Credibility/Expectancy Questionnaire (CEQ; [40]). The CEQ will be used at baseline to assess participants’ treatment expectations. It consists of 6 items (e.g., “At this point, how logical does ZeroPhobia seem to you?”), rated on a 9-point Likert scale that ranges from 1 (not at all) to 9 (very; total score 54). The CEQ has been shown to have high internal consistency and good test–retest reliability [40]. The Dutch translation also was found to be valid [41]. This questionnaire will be used in combination with the Client Satisfaction Questionnaire (CSQ; see next item) to better understand whether ZeroPhobia met participants’ expectations.
Client Satisfaction Questionnaire (CSQ; [42]). The CSQ acts as the counterpart to the CEQ, measuring satisfaction with the treatment at post-test. This questionnaire consists of 8 items, for instance regarding the quality of treatment participants received and their satisfaction with it. Items are scored on a scale from 1–4, with a total score of 32. The CSQ has been found to have good validity and internal reliability (Chronbach’s alpha ranging between .83 and .93; [42]).
System Usability Scale (SUS; [43]). The user-friendliness of the ZeroPhobia app is measured with the SUS. It consists of 10-items rated on a 5-point Likert scale (1 = do not agree, and 5 = very much agree). Total scores are calculated and converted to range between 0–100 (see [42] for this conversion). Higher scores indicate better usability and more user-friendliness. Questions include items such as “I think ZeroPhobia was easy to use” and “I had to learn a lot before I could get started with ZeroPhobia”. To pass this usability test, the app will have to be rated 70 or higher, with better products ranging into the 80s. A score of 90 or above is usually only expected for incredibly high-quality products. If the app is rated below 70, it is considered inadequate and needs to be re-assessed and improved. Reliability of the SUS is good [43].

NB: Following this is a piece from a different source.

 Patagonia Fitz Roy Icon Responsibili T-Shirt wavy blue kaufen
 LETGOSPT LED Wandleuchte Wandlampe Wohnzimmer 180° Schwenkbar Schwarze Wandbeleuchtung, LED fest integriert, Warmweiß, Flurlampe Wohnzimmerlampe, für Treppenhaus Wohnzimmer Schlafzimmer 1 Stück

Igroup Presence Questionnaire (IPQ; [44]). This 14-item questionnaire assesses realism and the feeling of “presence” or immersion in a virtual environment. For the purpose of this study, only the realism subscale (four items) was used (aligning with previous protocols for ARET investigations [18]). Each item is rated on a 7-point Likert scale ranging from -3 to 3 (total score of realism subscale is 12). Items include phrases such as, “How real did the virtual world seem to you?”. This questionnaire has been found to be reliable (Chronbach’s alpha = 0.73; [44]).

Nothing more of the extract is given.